La responsabilidad del arquitecto

En Boletín informativo (Fundación cultural COAM)nº6, octubre 1992

En momentos en que nuestra organización corporativa está en revisión y se juzga conveniente la competencia abierta y libre en el ejercicio de la arquitectura, es necesario hacer comprender que esta competencia, de la que soy partidario, debe dirigirse hacia la calidad y eficacia del servicio, no hacia una rebaja a la puja de honorarios. Es preciso hacer comprender que un porcentaje de un 7 a un 8 % para arquitecto y aparejador, por un trabajo que incluye proyecto completo con estructura, instalaciones, mediciones y valoraciones, más dirección y liquidación de la obra, no son altos, sino más bajos de lo que sería preciso para un trabajo medianamente bien hecho. Convendría también hacer saber, con cifras, que en países de nuestro entorno, donde existe una competencia más libre, la suma total de honorarios que gravan el coste de la obra es considerablemente mayor. Por ello pensar que con una competencia de honorarios a la baja se resuelve el problema de abaratar la construcción es un espejismo falaz.

Soy partidario, como digo, de una competencia libre y abierta, prueba de ello es que a lo largo de mi vida profesional me he presentado a más de cien concursos; pero me interesa una competencia noble hacia la calidad y el debate cultural, no una mezquina rebaja de honorarios.

Pero además de estas consideraciones dirigidas a la sociedad en su conjunto, se hace precisa una reflexión de los arquitectos hacia su propio interior: Una severa autocrítica.

Debemos empezar por entender que aunque la arquitectura es un Arte, una de las tres Nobles Artes, el arquitecto no es un artista libre, ni un “diletani filosófico”; en último término es un técnico al que se encomiendan recursos siempre escasos y su deber es darles el mejor y más eficaz empleo.

En modo alguno esto excluye el arte y la aspiración y voluntad estética, que es la esencia misma de la arquitectura, pero limita los términos en que la profesión debe ser ejercida. En ese sentido la arquitectura no es un arte libre.

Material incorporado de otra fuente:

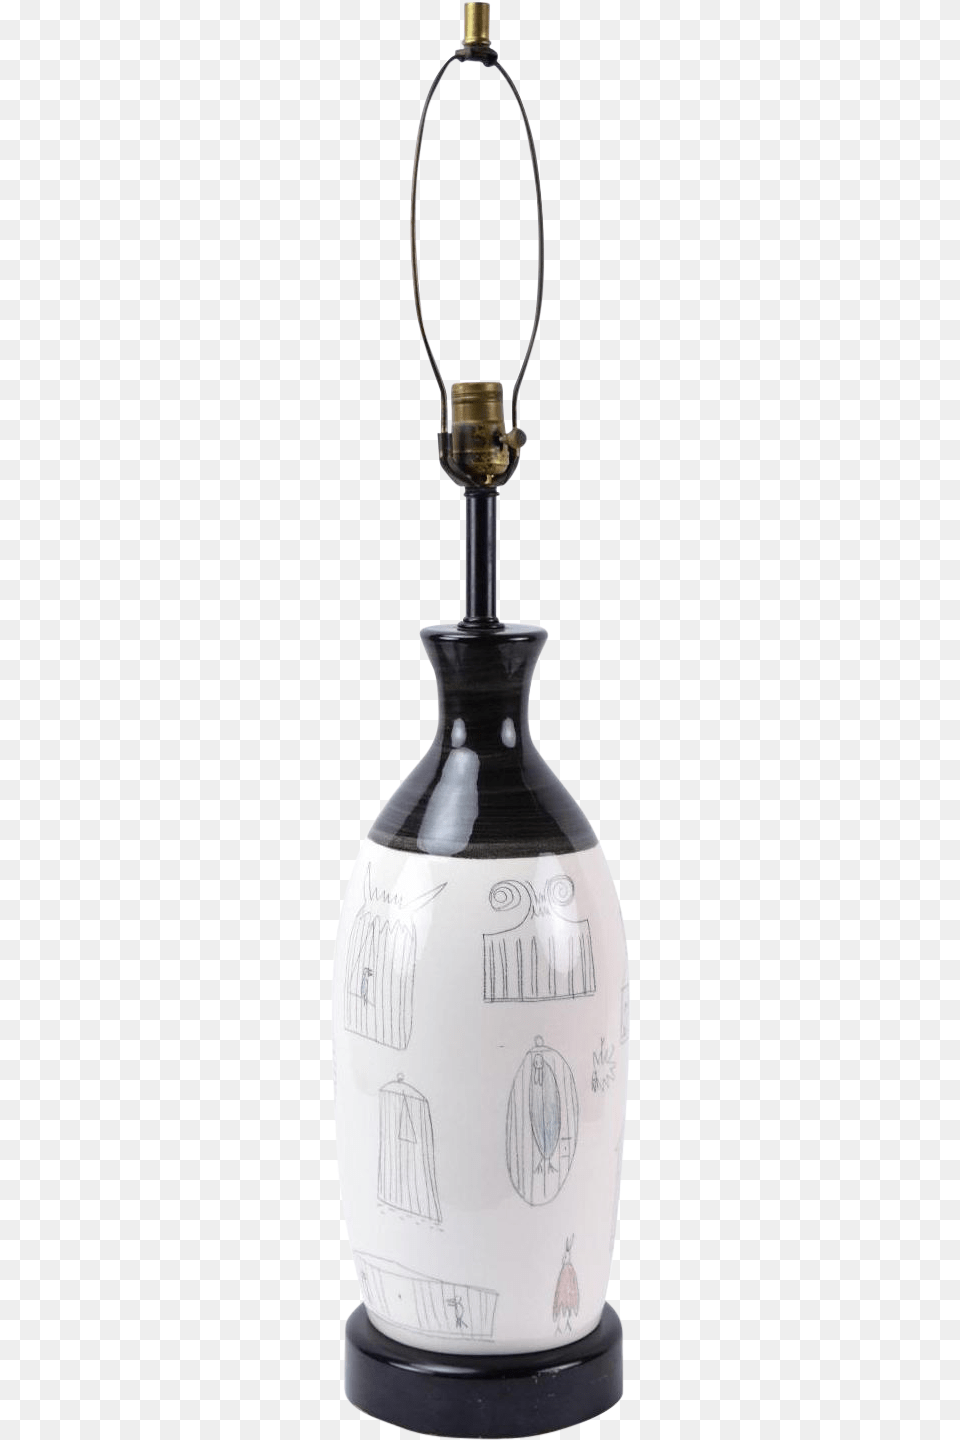 Vintage French M Wine Bottle, Lamp, Lantern, Art Png Image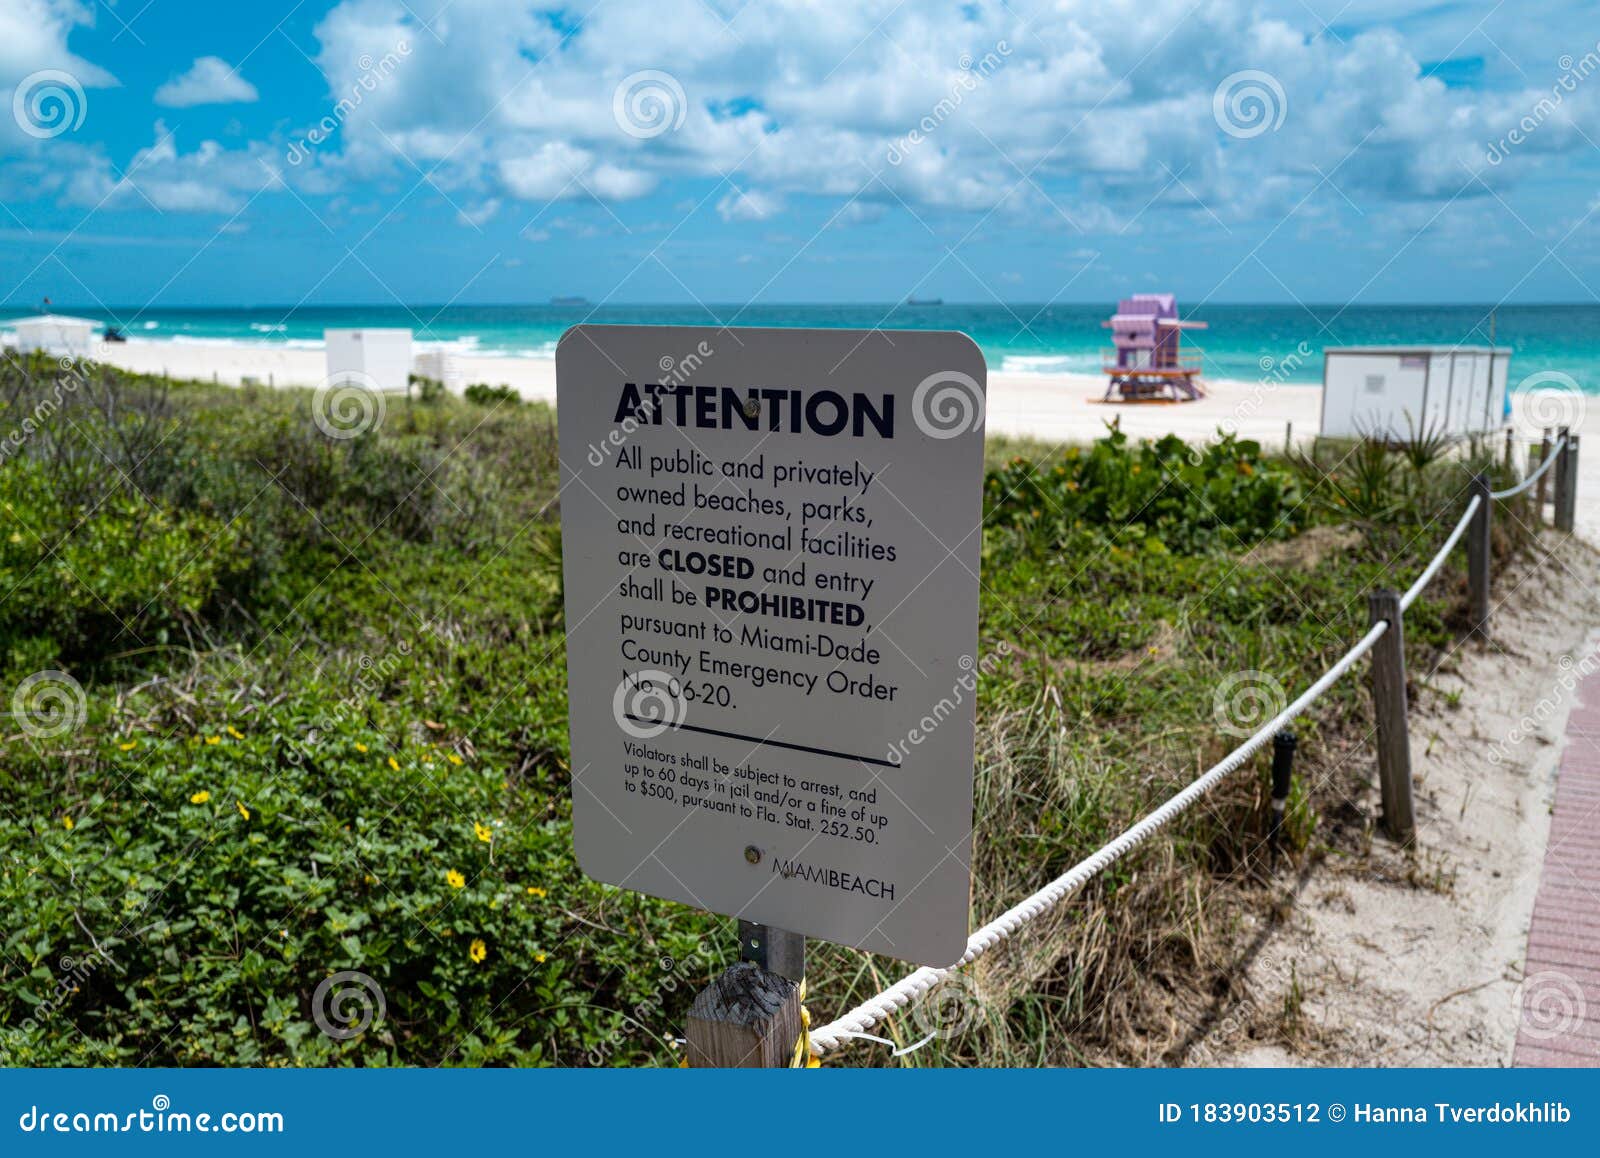 emergency orders miami-dade county. coronavirus, covid-19. miami beach closing sign. beaches closed.

Siempre he pensado que el arquitecto – como decíamos – debe dar empleo a los recursos que se le encomiendan con economía y arte.

Sin embargo, existe entre los arquitectos y la sociedad una brecha que se hace cada vez más ancha y profunda. Por primera vez en su larga historia existe una total falta de entendimiento entre la arquitectura “culta” avalada por la crítica y difundida por revistas, y el sentimiento general de la sociedad, absolutamente desorientada.

Arquitectos de “élite”, revistas de arquitectura y crítica, tienden a crear un círculo cada vez más cerrado y excluyente, reservado a minorías iniciadas y selectas, absolutamente indiferentes a las necesidades reales y el sentimiento general del hombre de la calle. Así la brecha de incomprensión se hace cada vez más infranqueable.

Hay una gran dosis de frivolidad a nivel internacional. He oído decir a un arquitecto muy influyente y de moda entre las vanguardias, que para él una obra que tuviera valor gratificante y de utilidad, dejaba de ser arquitectura.

Hemos de asumir nuestra responsabilidad; frente a un mundo en el que domina la pobreza, existen países ricos y dentro de ellos capas sociales muy ricas; ambiente en el que se producen refinamientos culturales y también caldo de cultivo del capricho y la frivolidad. Su poder de seducción es grande, ellos imponen las modas, pero en muchos casos sus productos son novedosos productos de lujo, difícilmente generalizables, que encuentran, sin embargo, una amplia y fácil difusión, ofreciéndose como el último aroma de una “alta y sofisticada cultura”, y su influencia se propaga con la rapidez del fuego hasta los últimos rincones, siendo especialmente sensibles las Escuelas de Arquitectura. Son modas efímeras que se suceden fugazmente, pero la desorientación y los estragos que producen son duraderos.

Ya dijo quien tenía autoridad para ello, que no es posible inventar una nueva arquitectura todos los lunes.

A lo largo de la historia siempre existió una coherencia y entendimiento entre la arquitectura y la sociedad de su tiempo. Los templos griegos, las catedrales góticas, los grandes edificios y trazados del renacimiento o del barroco, los palacios neoclásicos… eran obras admiradas y sentidas como propias, y contra lo que podría esperarse de sociedades más estratificadas, la permeabilidad y comunicación entre sus distintas capas producía un rico trasvase de influencias recíprocas, un encuentro de gran vitalidad creadora entre lo culto y lo popular.

Hoy esto no existe. El club de la “alta cultura” arquitectónica es un club muy restringido y aislado, y la arquitectura se escinde en dos mundos separados: La arquitectura “culta” cada vez más distante, y la arquitectura comercial e inculta – sin entrecomillar – hecha exclusivamente con fines de lucro.

En medio, la tierra de nadie; el campo difícil en que deben situarse los verdaderos arquitectos.